# PE Application - Michigan



## crugnug (Aug 3, 2009)

Just wondering if anyone knows how long it typically takes Michigan to approve a PE application? Or if there is anywhere to check the status? I sent my info in about 3 weeks ago. Do they respond by email or snail mail?


----------



## jmbeck (Aug 5, 2009)

It took me 4.5 months to get my comity license from Michigan.

They were very slow, and for the most part, unhelpful. However, they were very friendly. Give them a call! They won't tell you anything, but they aren't ugly about it.


----------



## Guest (Aug 17, 2009)

I just recently got received my license by reciprocity in MI about three months ago. There is basically one person processing applications for several professions and he rotates the review based on ... well, I really don't know.

For new applicants, I have heard it takes even longer, so be prepared to wait. It won't be the first time, nor the last time you will be waiting on something ....

JR


----------



## gymrat1279 PE (Sep 14, 2009)

I got mine in about 5 weeks. As soon as I got the results of my exam (December 2007) I filled out the application and sent it in. All my references were in by the first or second week of January 2008. My name showed up with my license number on the website in mid February 2008. Hope that helps!


----------



## ALBin517 (Sep 14, 2009)

gymrat1279 PE said:


> I got mine in about 5 weeks. As soon as I got the results of my exam (December 2007) I filled out the application and sent it in. All my references were in by the first or second week of January 2008. My name showed up with my license number on the website in mid February 2008. Hope that helps!



It's been a couple years but my name showed up in the online search, a couple days before I got my "licensed" letter.


----------



## ozzy555 (Jul 14, 2010)

I am still waiting as well. They did cash my check June 17.
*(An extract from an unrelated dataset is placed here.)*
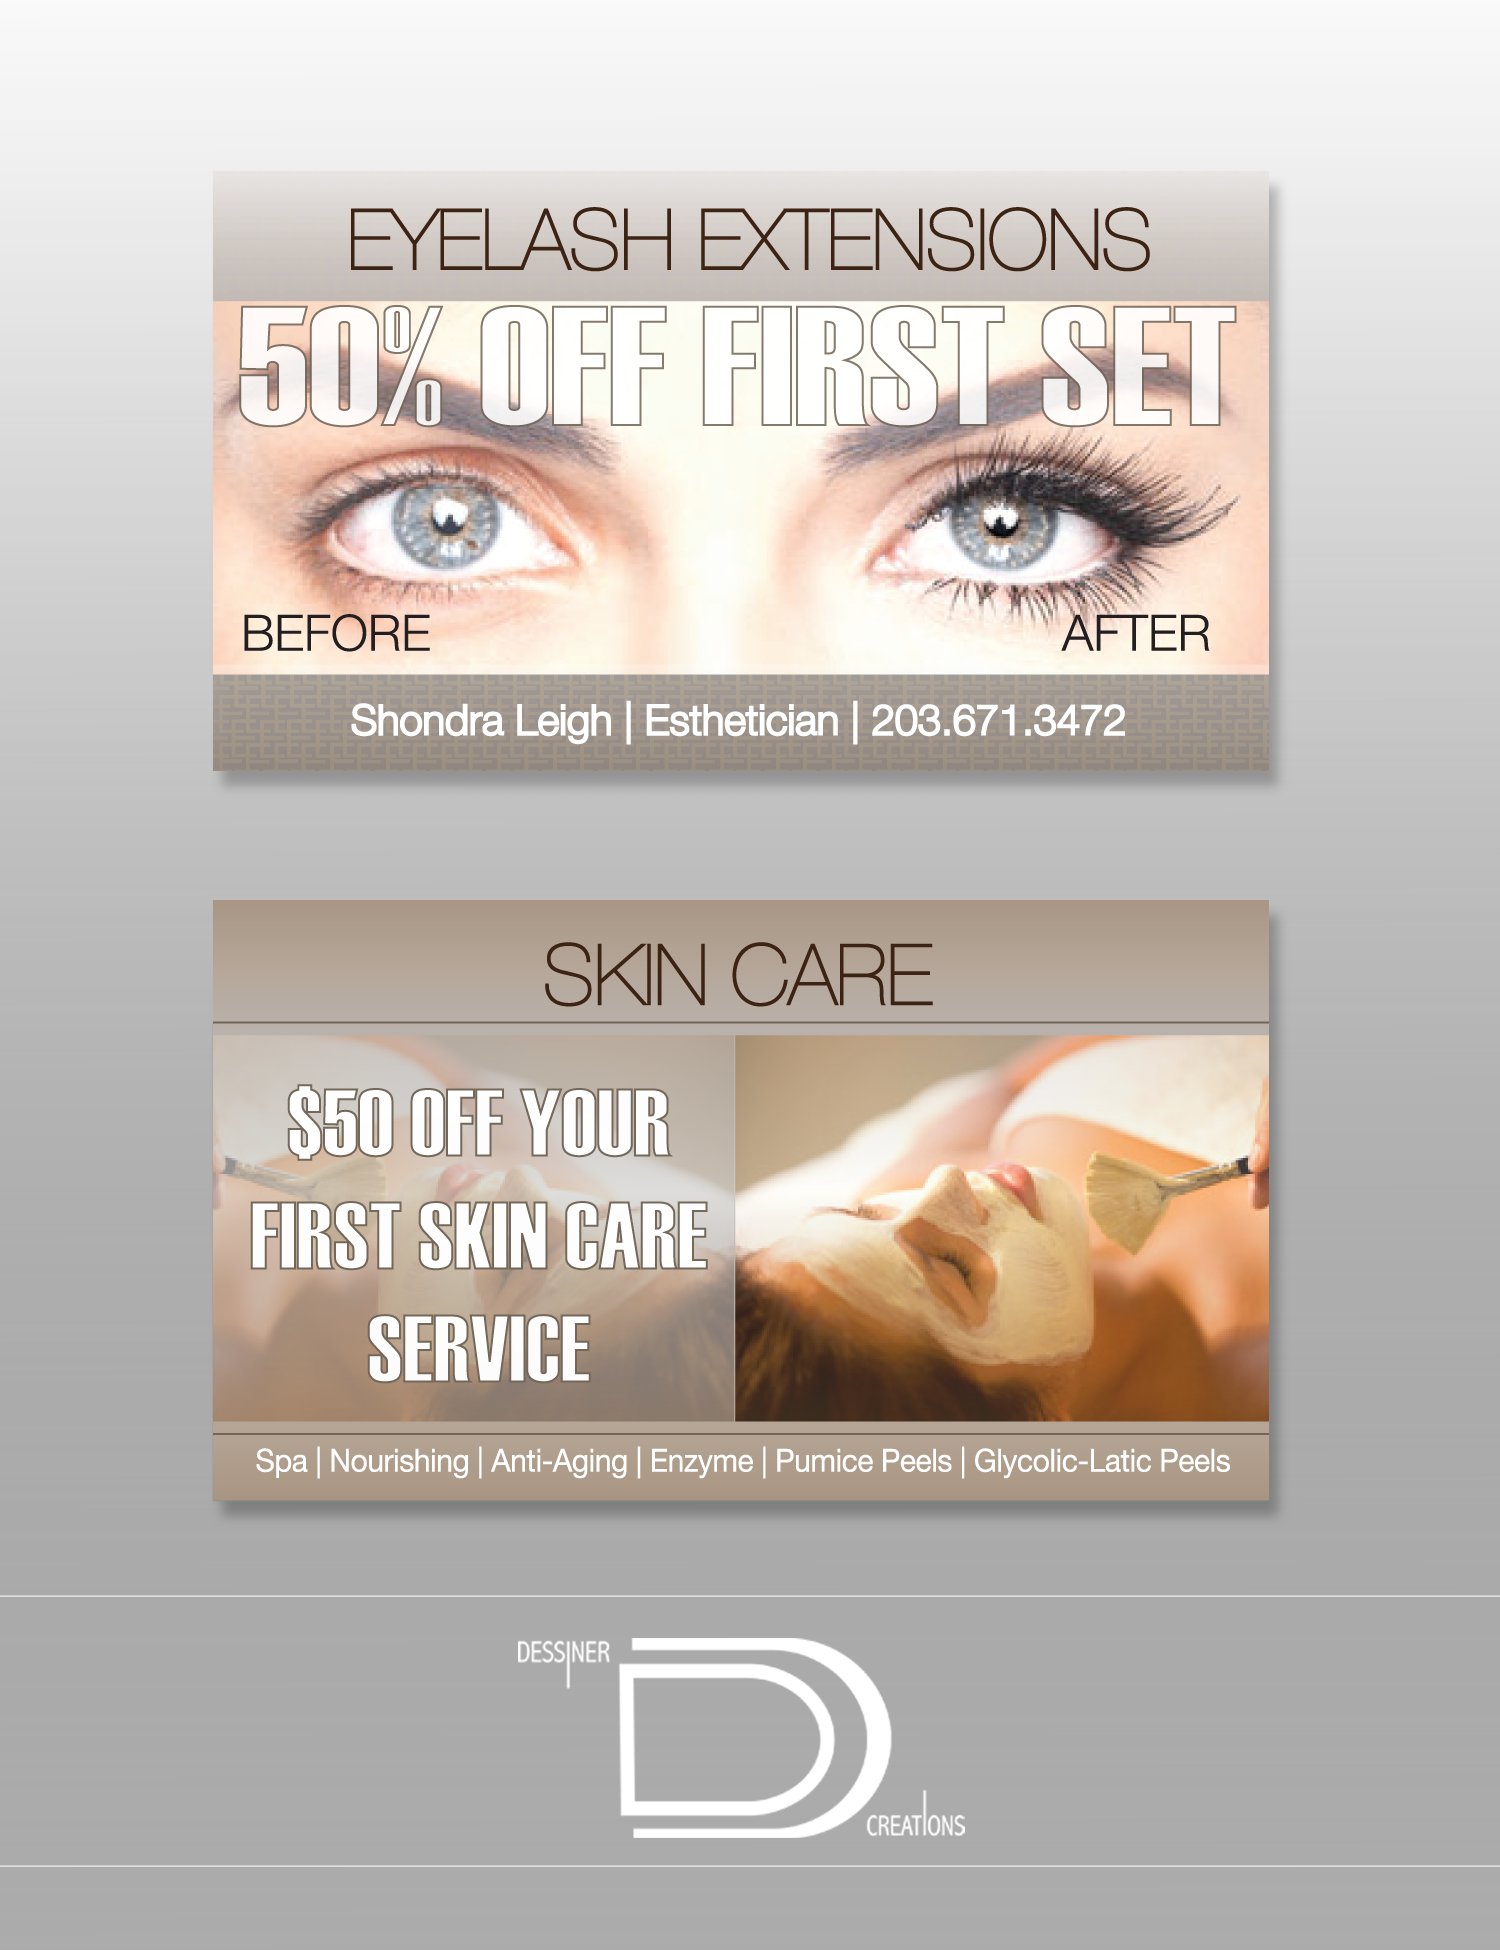 Eyelash Ext Business Card v2 by just is on DeviantArt
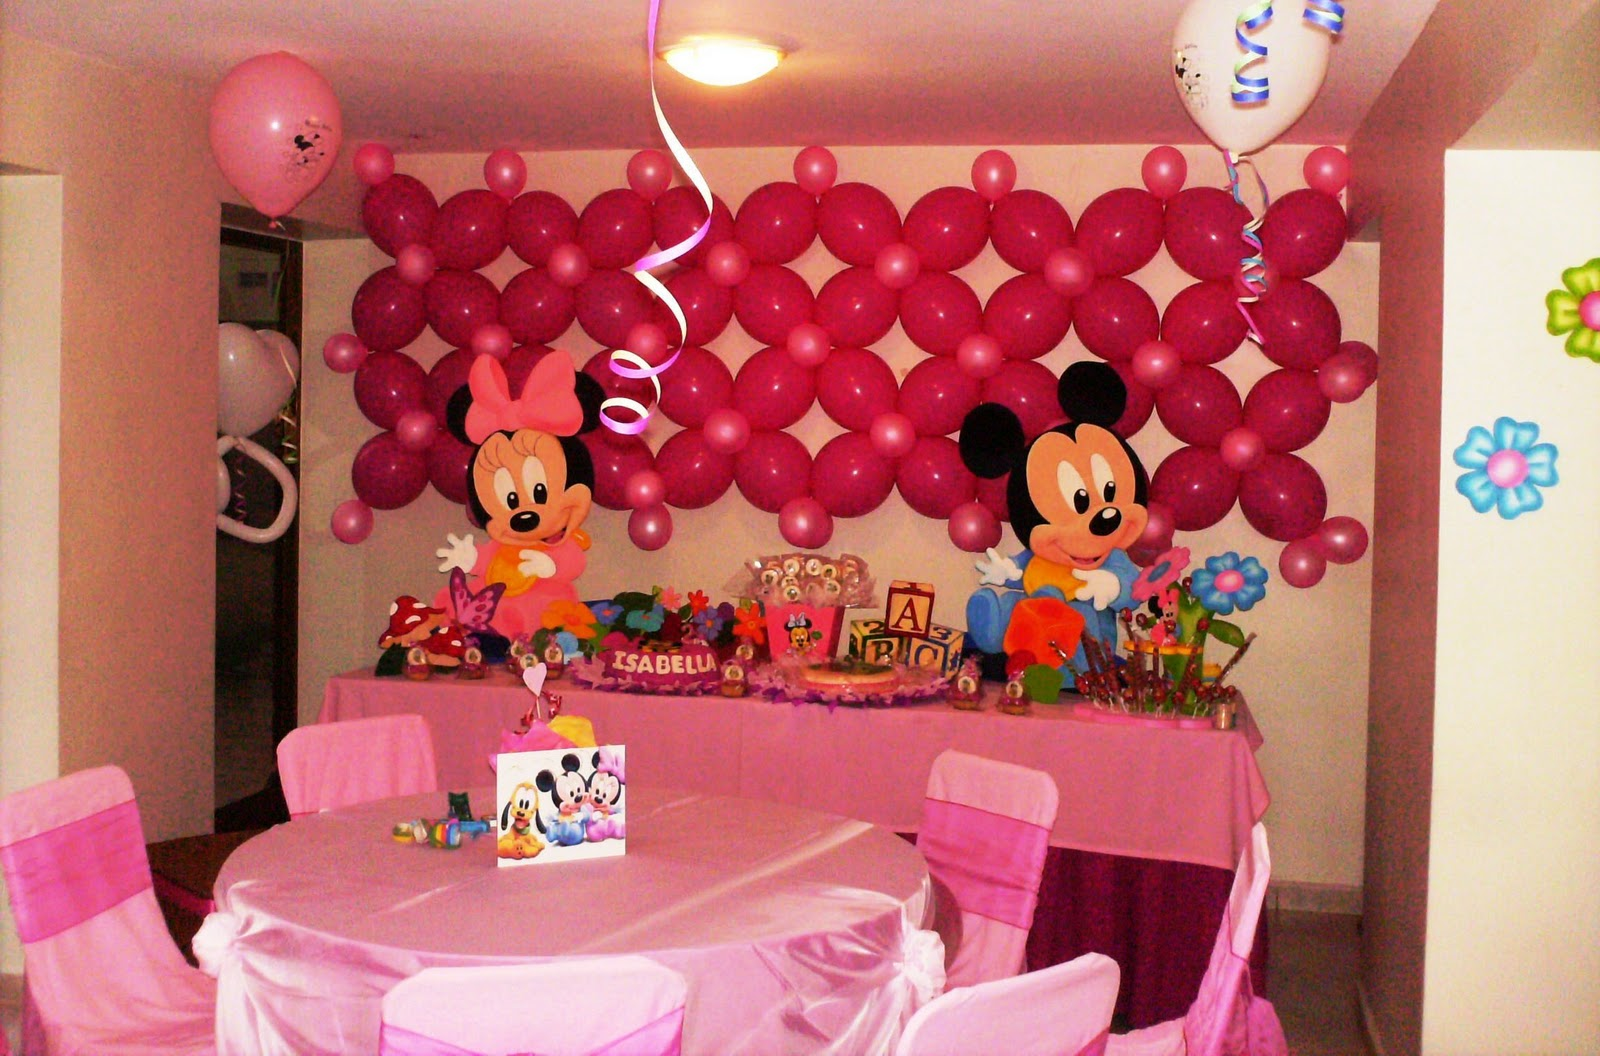 Minnie Decoraciones Fiestas Infantiles ~ Creaciones Ramsesa Decoraciones Fiestas Infantiles

I often check the online search tool, hoping that i will show up one day: https://www2.dleg.state.mi.us/colaLicVerify/


----------



## Dlutz (Aug 7, 2010)

ozzy555 said:


> I am still waiting as well. They did cash my check June 17.
> I often check the online search tool, hoping that i will show up one day: https://www2.dleg.state.mi.us/colaLicVerify/


Submitted my app on June 14th and just got my license on Aug. 2nd. Took about 8 weeks. They say their standard processing time is 6-8 weeks.


----------